I was bored at work one day and for some reason the people that I dislike the most were all standing there. Two of them I know exactly why they were there. But one really stuck out to me. I had to really take a look at myself and wonder why this person was there. I came up with a reason. It was a dumb reason but it was a reason.

 

Even the feelings I have towards the other 2 people. I feel they are legit reasons but in reality are they???

 

What does that say about me as a person? I can have feelings so strong and so wrong towards somebody and the reasons I come up with are even dumb to me?!?! I can hold on to anger and pain so tough to the point where I don’t care about that person losing their life?!?! “Be angry, and yet do not sin; do not let the sun go down on your anger.” Eph 4:26

 

That’s not cool! I had to check myself. It said a couple things to me like, I need to let a lot of things in my past go. I’m blocking my own blessings by having these feelings towards those people.

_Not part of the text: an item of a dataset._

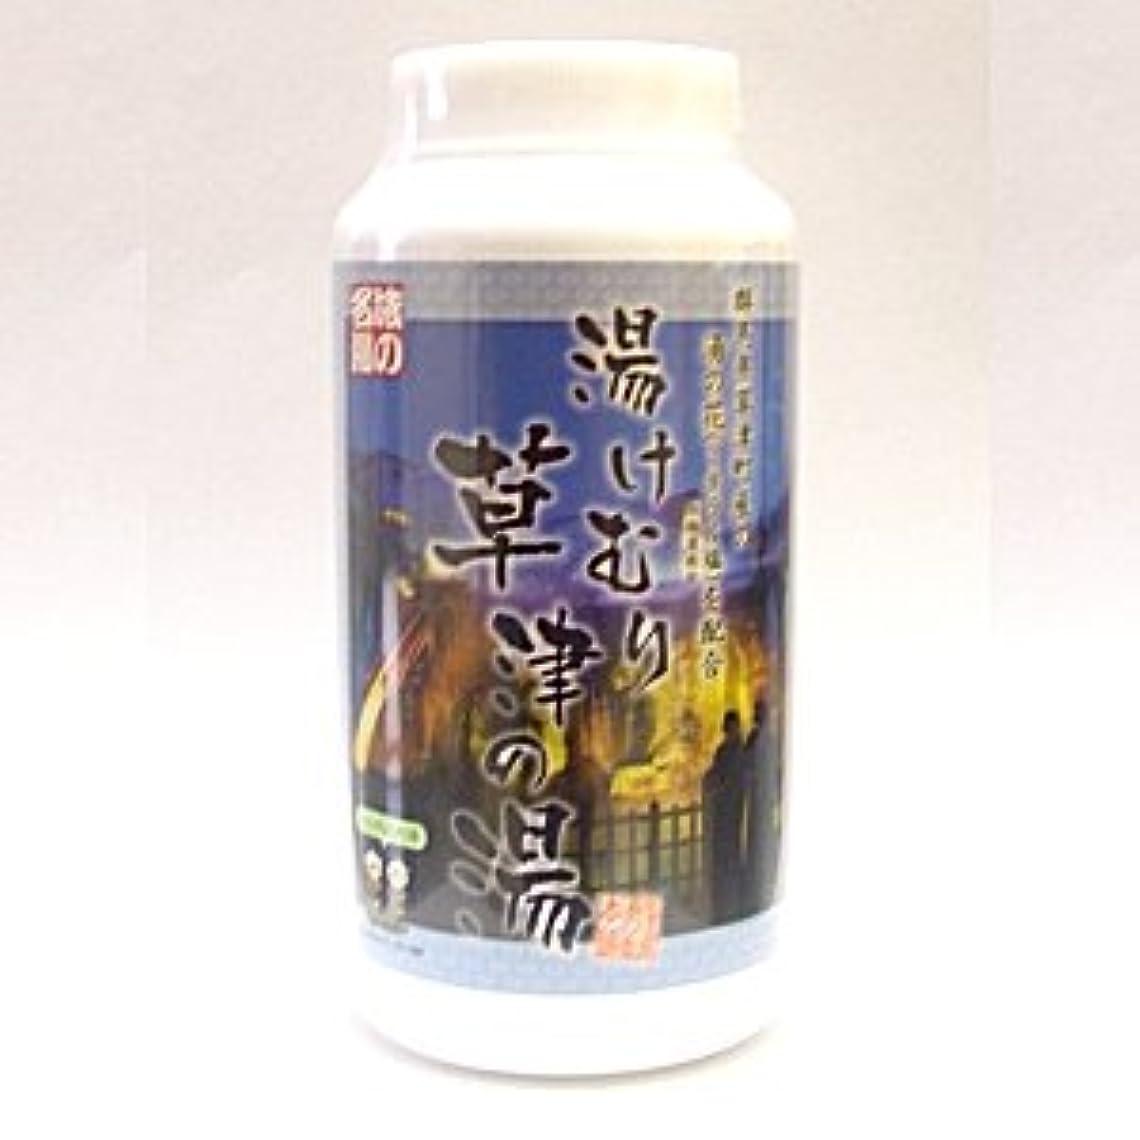 縫い目重要な値湯けむり草津の湯 群馬県草津町産の「湯の花」配合 500g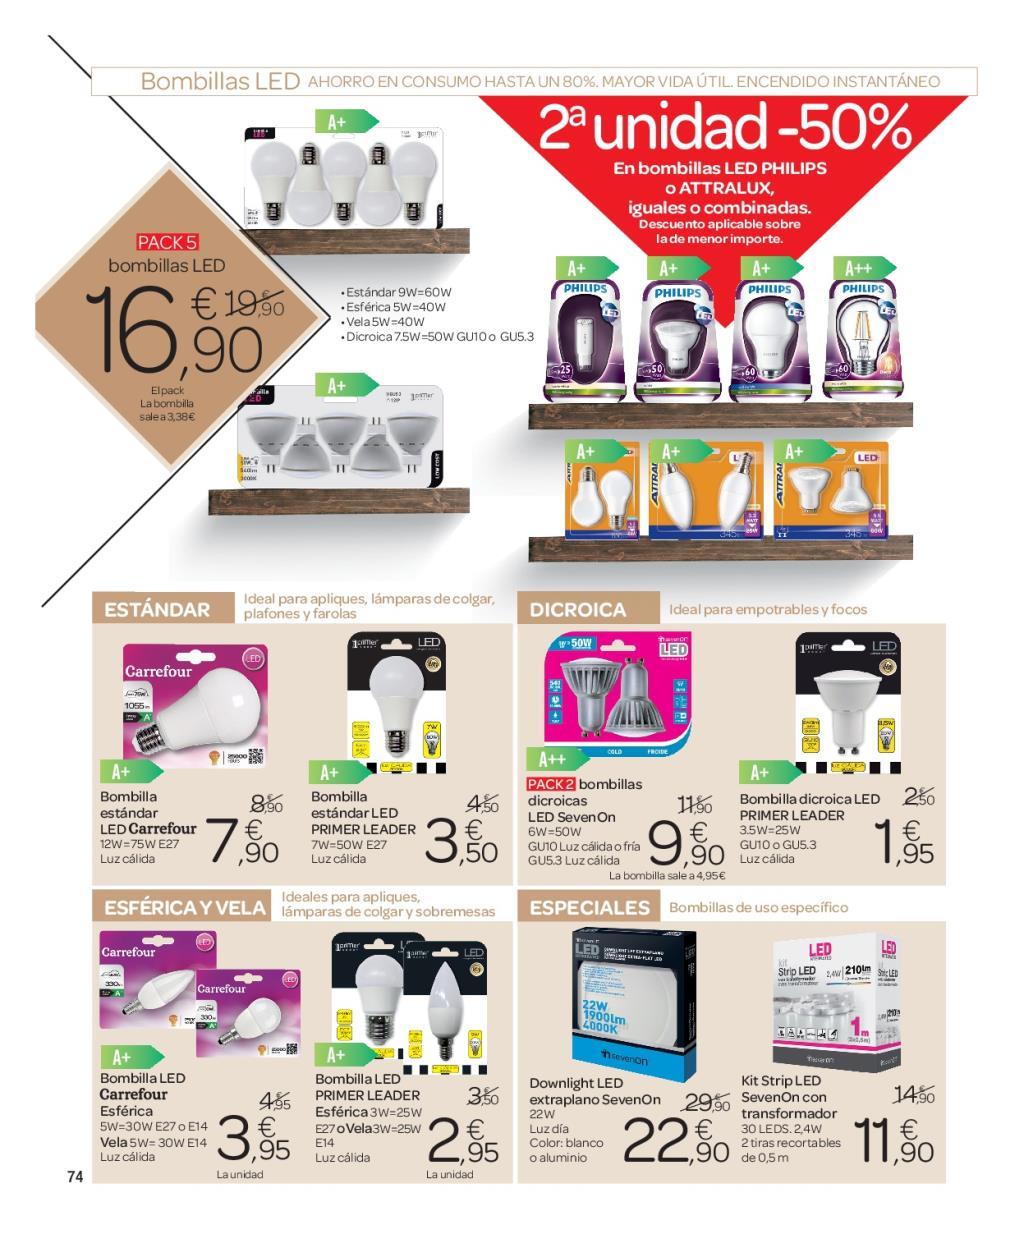 Iluminacion Baño Carrefour:Carrefour: catálogo de decoración 2016 (72/74)

I have a lot of anger in me that I need to let go so I can stop blocking my blessings because these feelings are not harbors on the people I have these feelings towards. They are harbors on me and my soul. I need to learn to forgive, forget and move on…  “If you do not forgive, neither will your father who is in heaven forgive your transgressions.” Mark 11:26

 

I guess the point of this blog is to say don’t let hate, anger, sorrow, ego’s, jealousy, NOTHING, get the best of you and let you lose the good that’s coming to you. Take the bull in and shit it out. You will feel better once you let it go…

 

But if you’re anything like me, to those you have hate like feelings towards and feel like you have a legitimate reason to have those feelings you probably be like, “… why should I forgive them? Why should I let it go? Why should I care wither they live or die?” My answer to you and MYSELF are resentment distracts drains & limits God’s blessings. You cannot receive what you are unwilling to give…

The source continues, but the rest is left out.